** Exercise directions **
The listing below should be printed again word for word, without any images.

** Data block **
- Opening Delimiter -

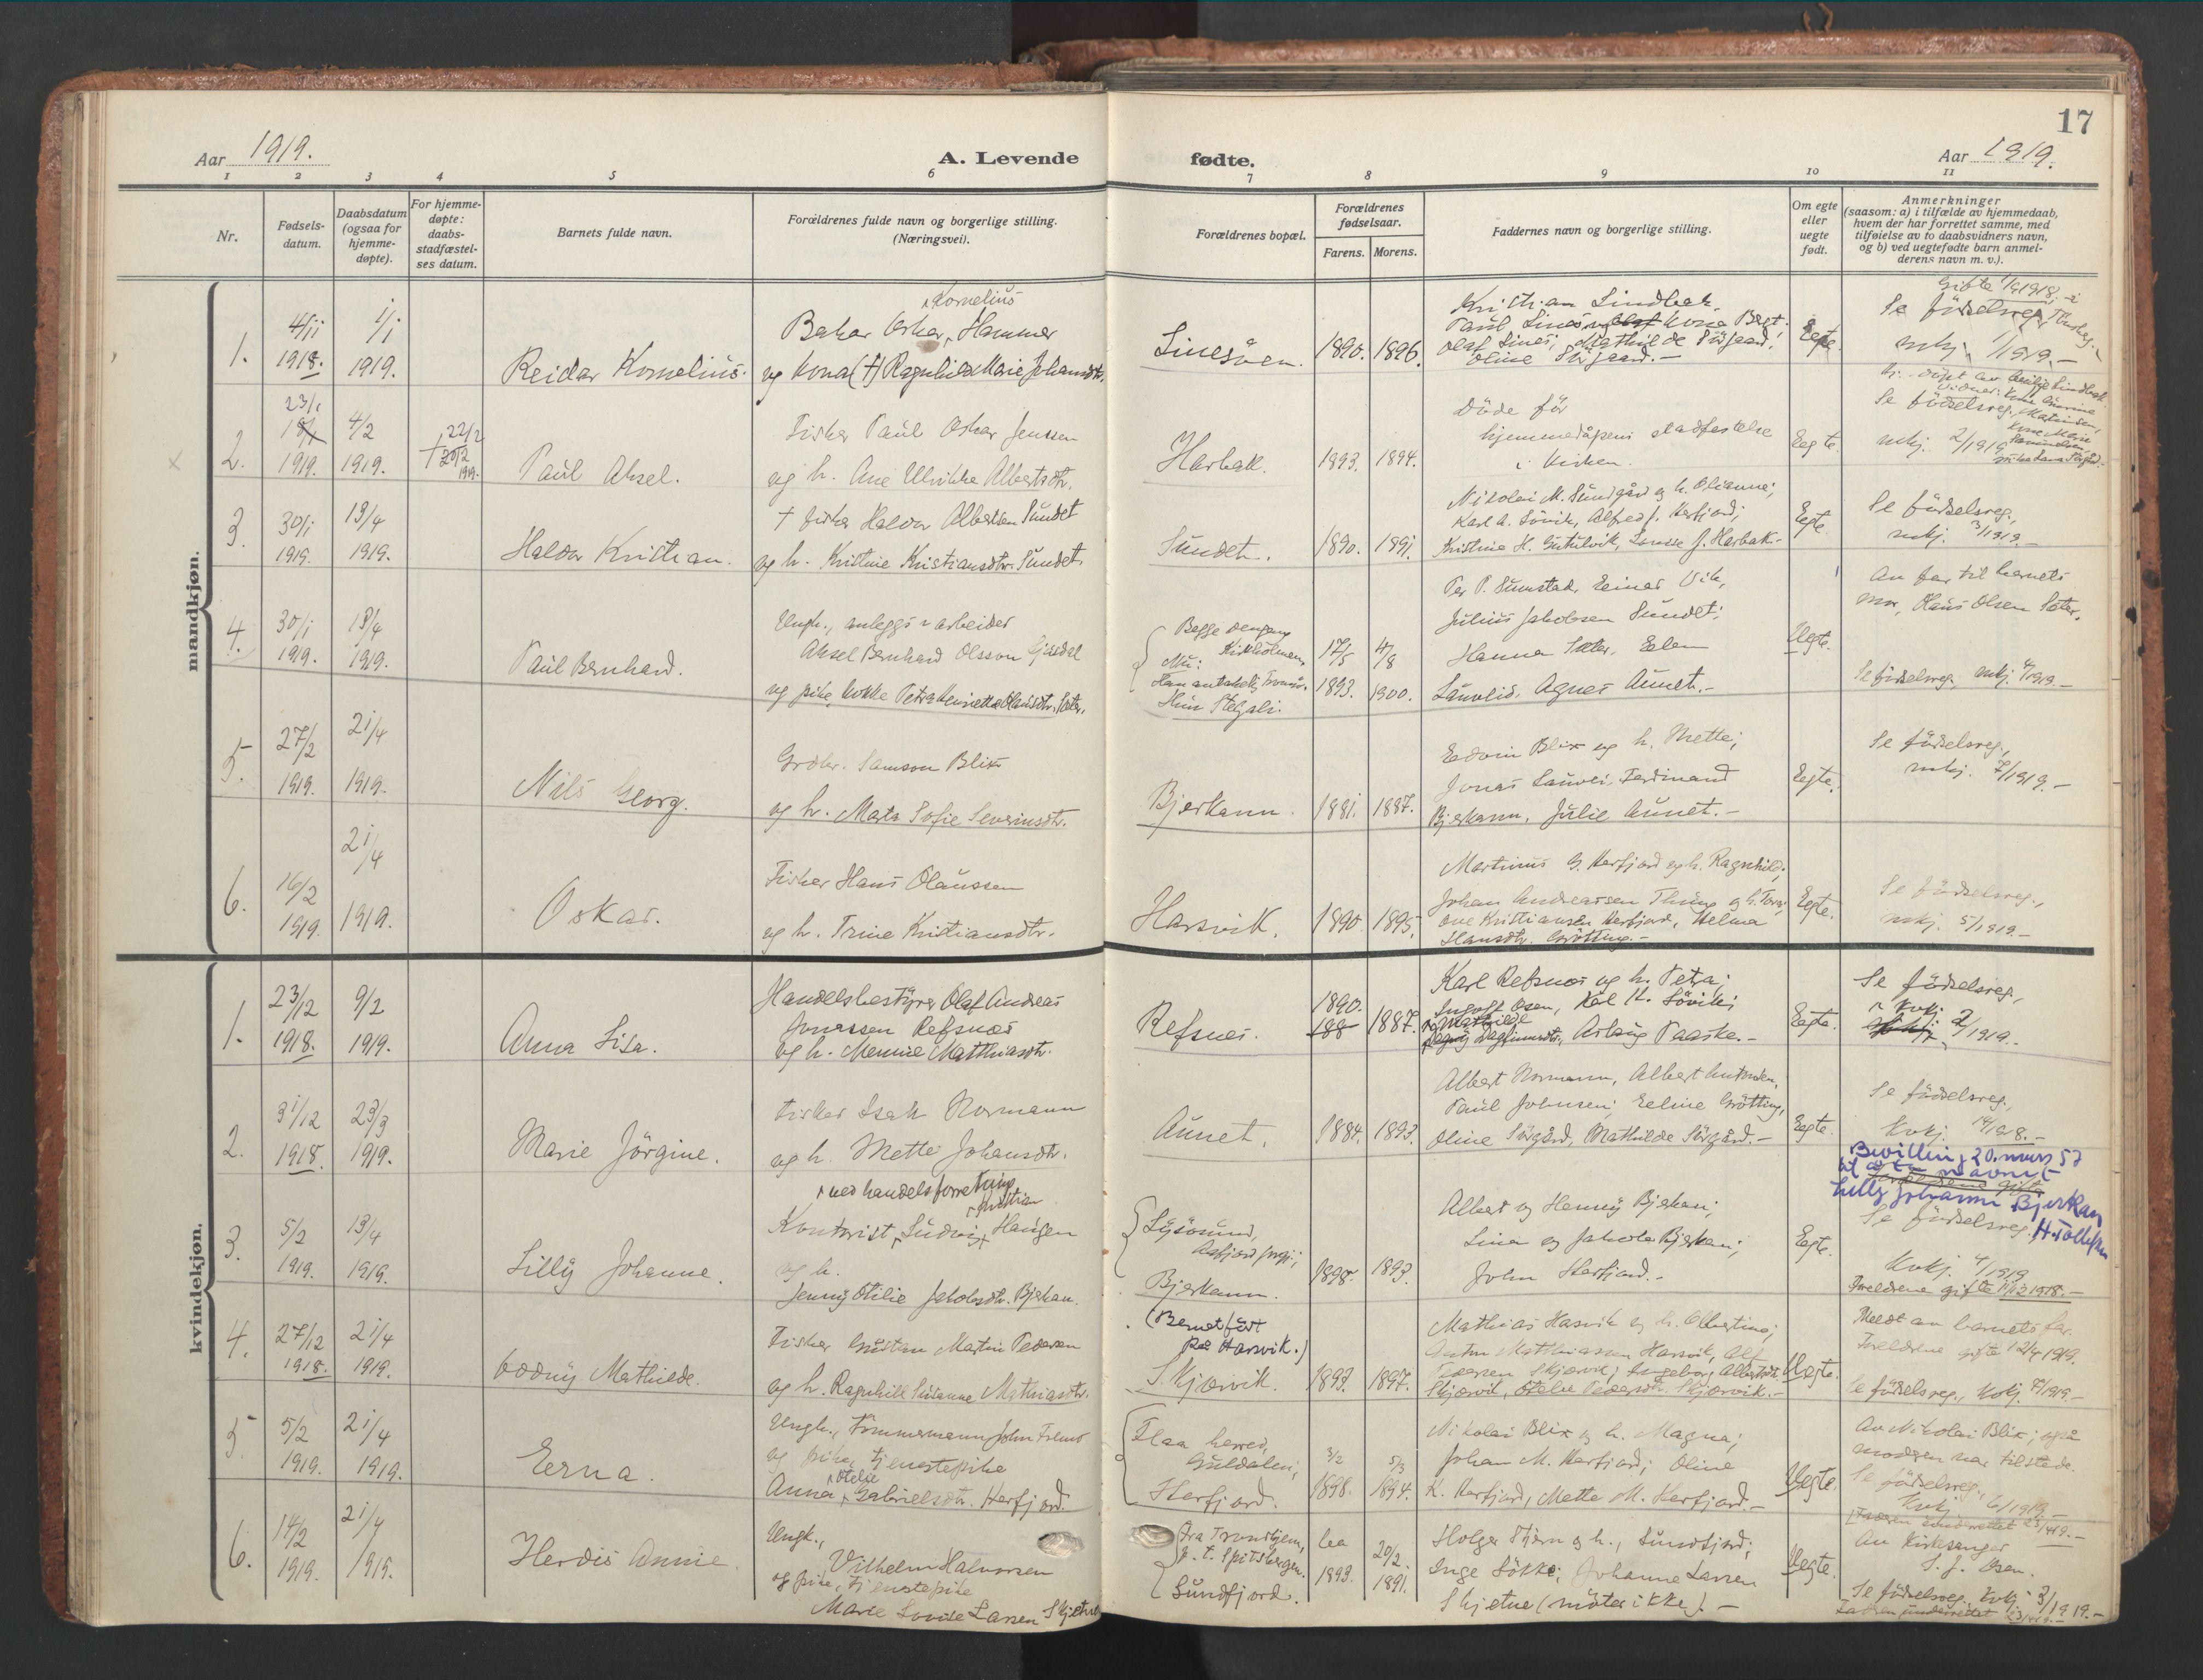 SAT, Ministerialprotokoller, klokkerbøker og fødselsregistre - Sør-Trøndelag, 656/L0694: Ministerialbok nr. 656A03, 1914-1931, s. 17
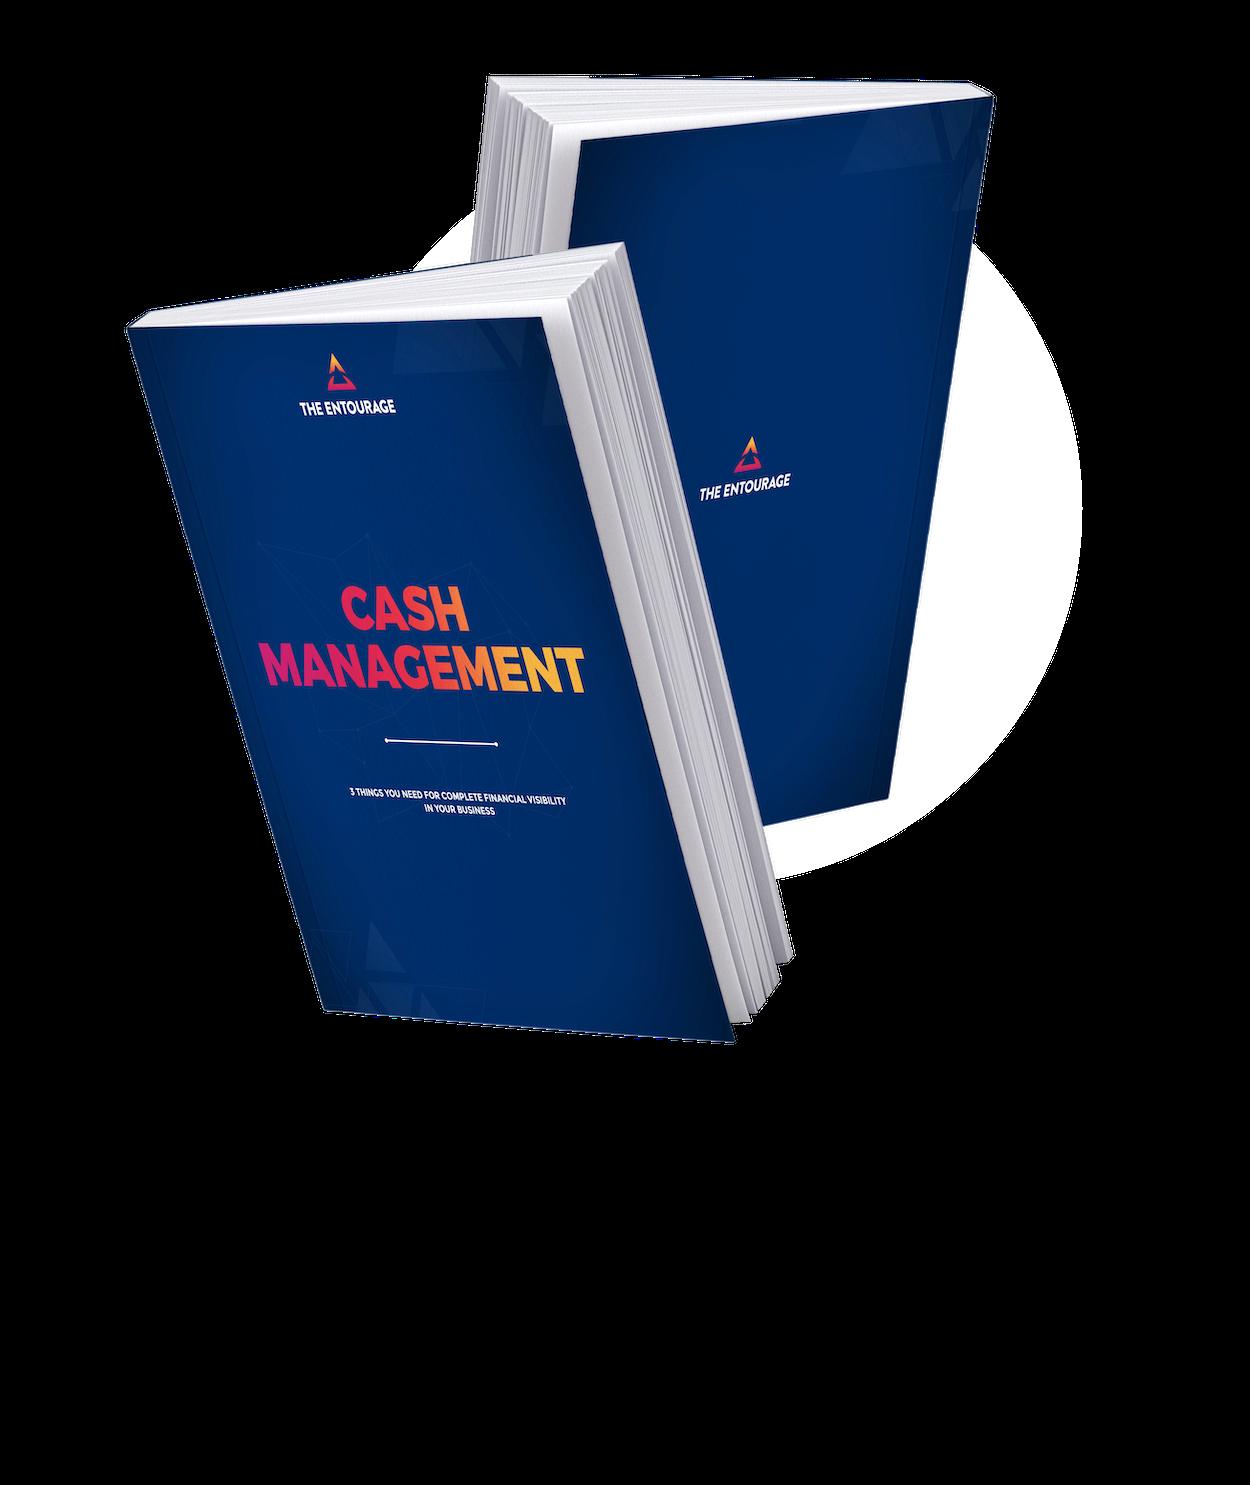 1_CashManagement-1
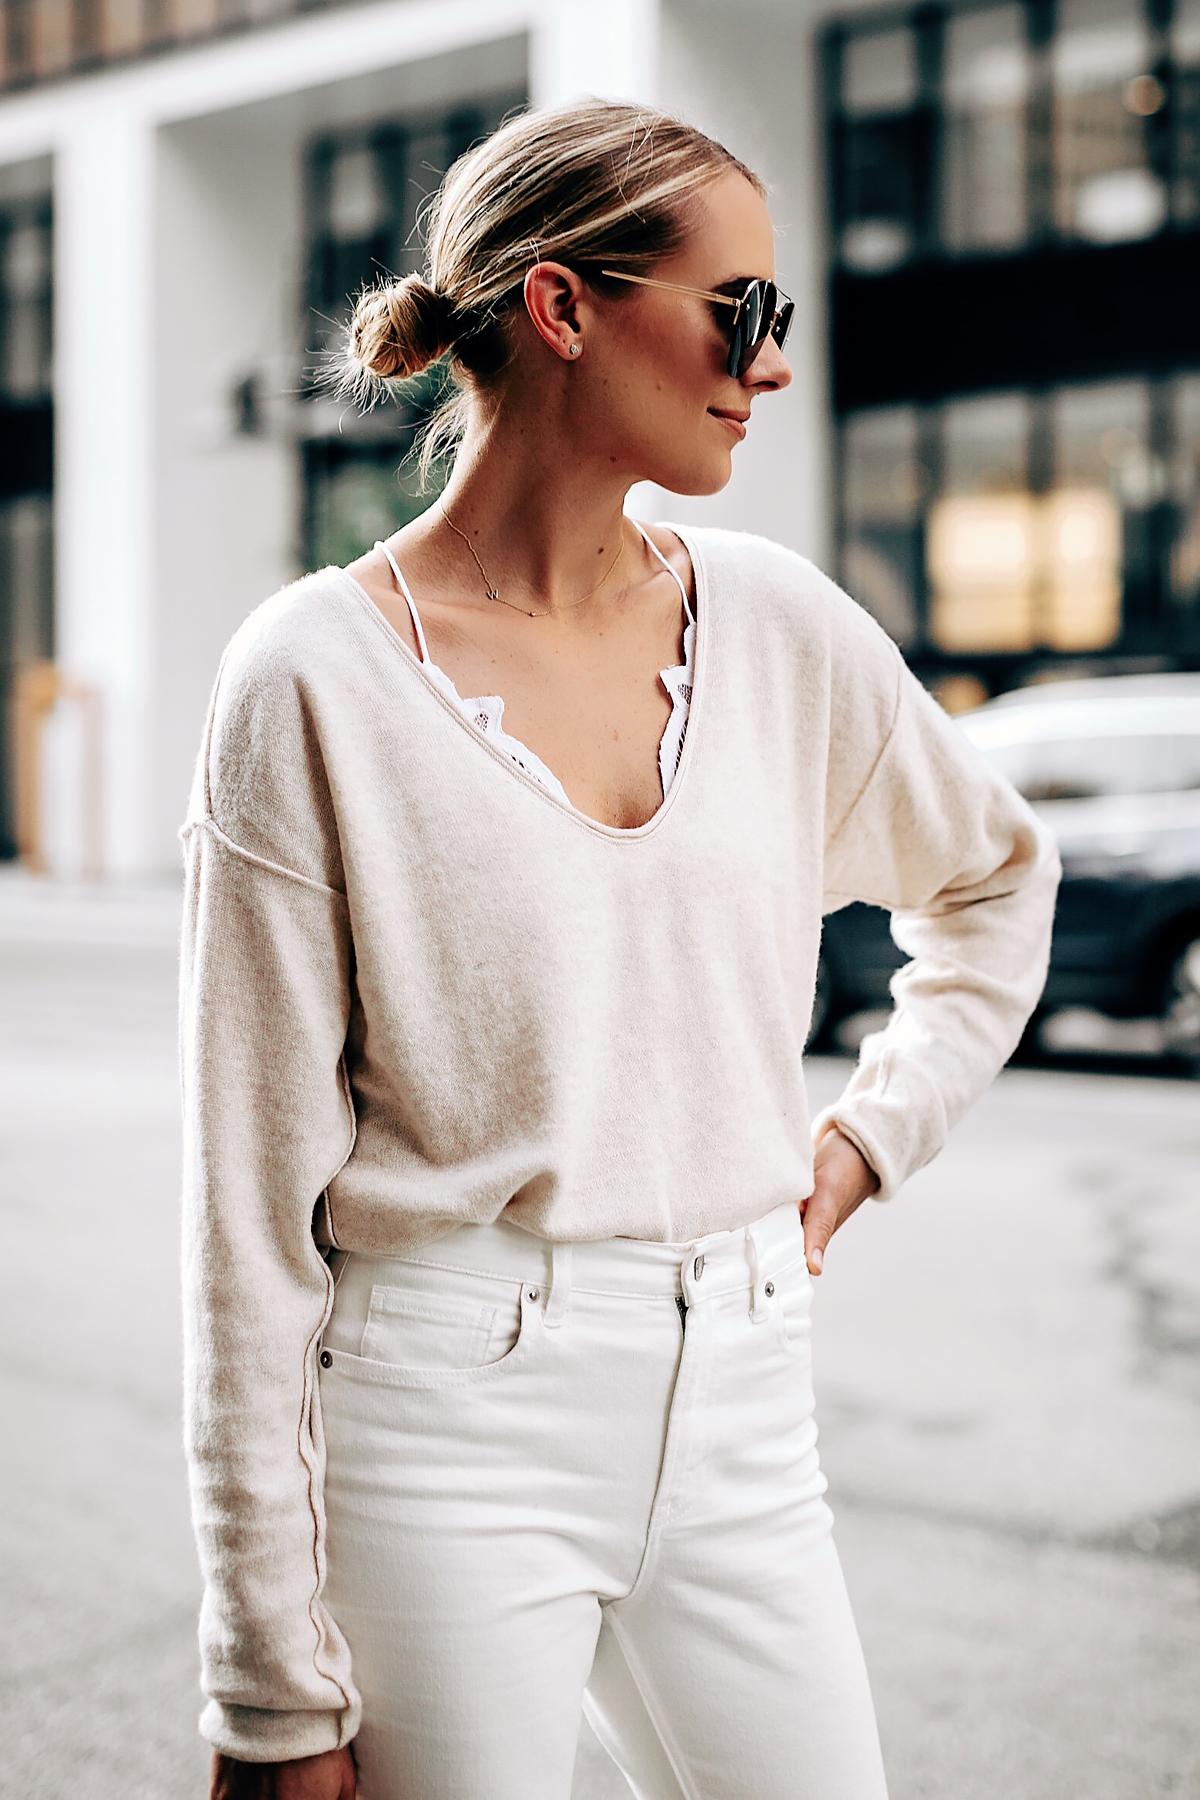 áo bralette mặc bên trong áo thun tay dài

- Closing Delimiter -

** The answer **
 SAT, Ministerialprotokoller, klokkerbøker og fødselsregistre - Sør-Trøndelag, 656/L0694: Ministerialbok nr. 656A03, 1914-1931, s. 17
 1_CashManagement-1
 áo bralette mặc bên trong áo thun tay dài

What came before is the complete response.